▶ REQUIRED WORK:
The copy you print must match the listing exactly, with its pictures removed.

▶ INPUT DATA:
>>>
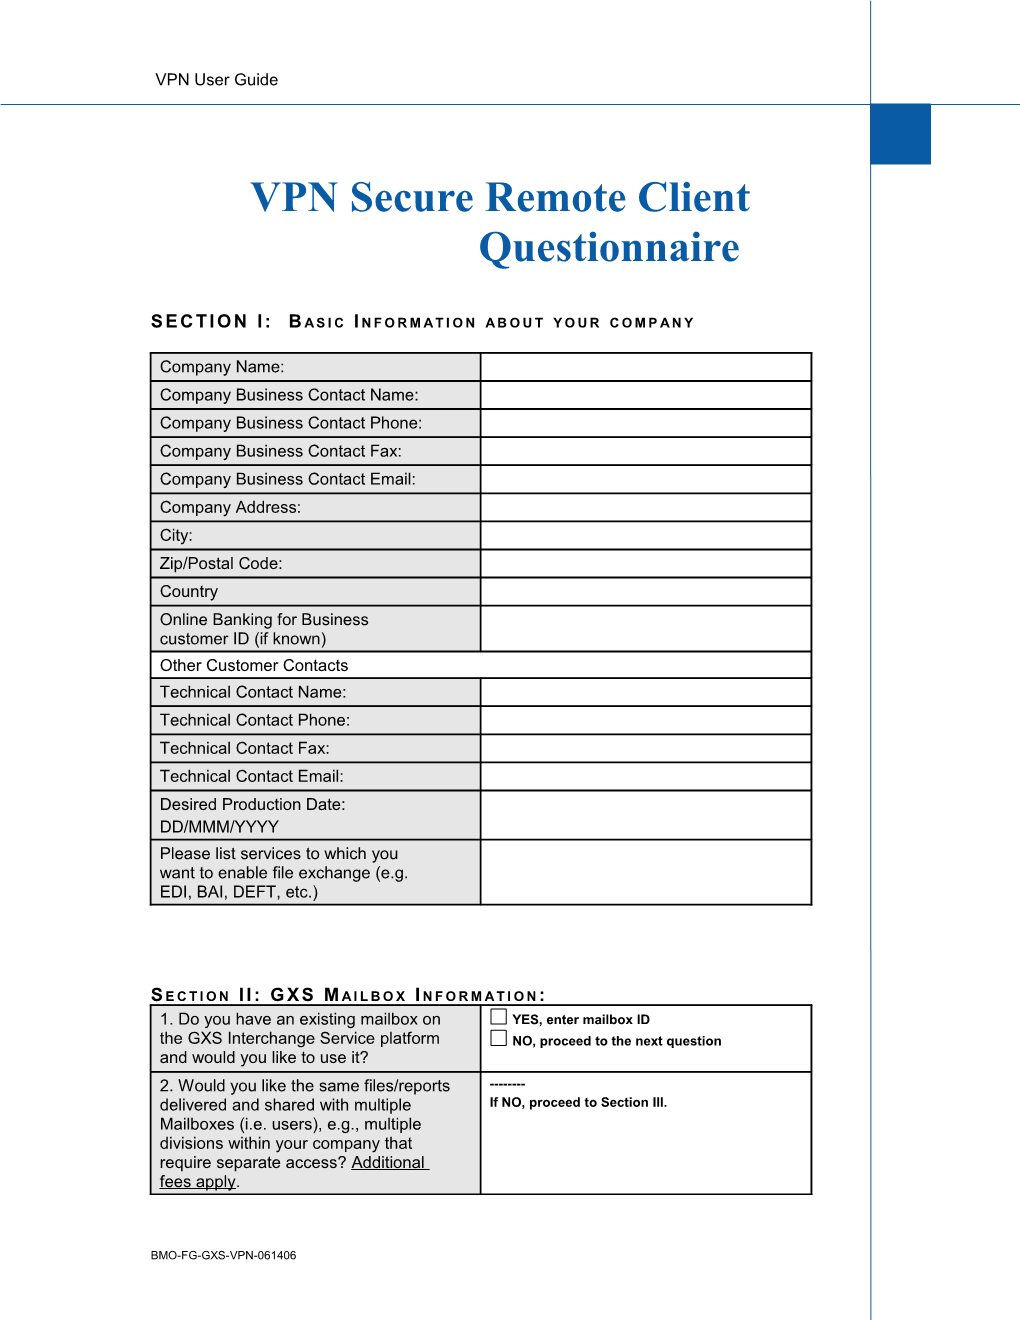 VPN Secure Remote Client Questionnaire
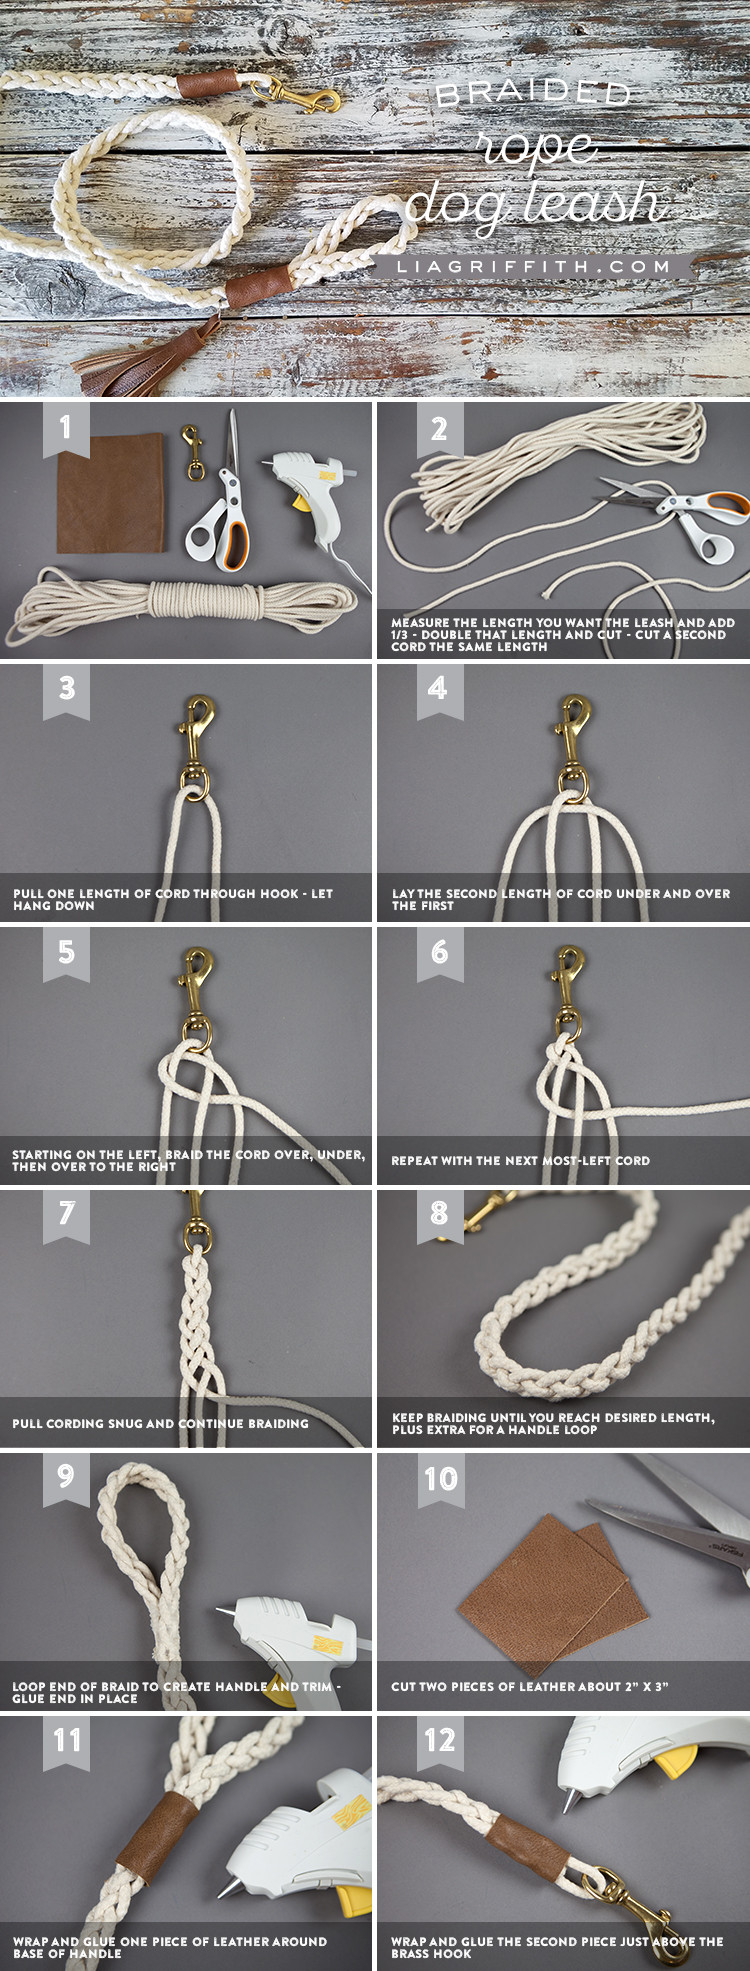 DIY Rope Dog Leash
 DIY Dog Leash Tutorial with Braided Rope
<<<
▶ SOLUTION:
 VPN Secure Remote Client Questionnaire
 DIY Rope Dog Leash
 DIY Dog Leash Tutorial with Braided Rope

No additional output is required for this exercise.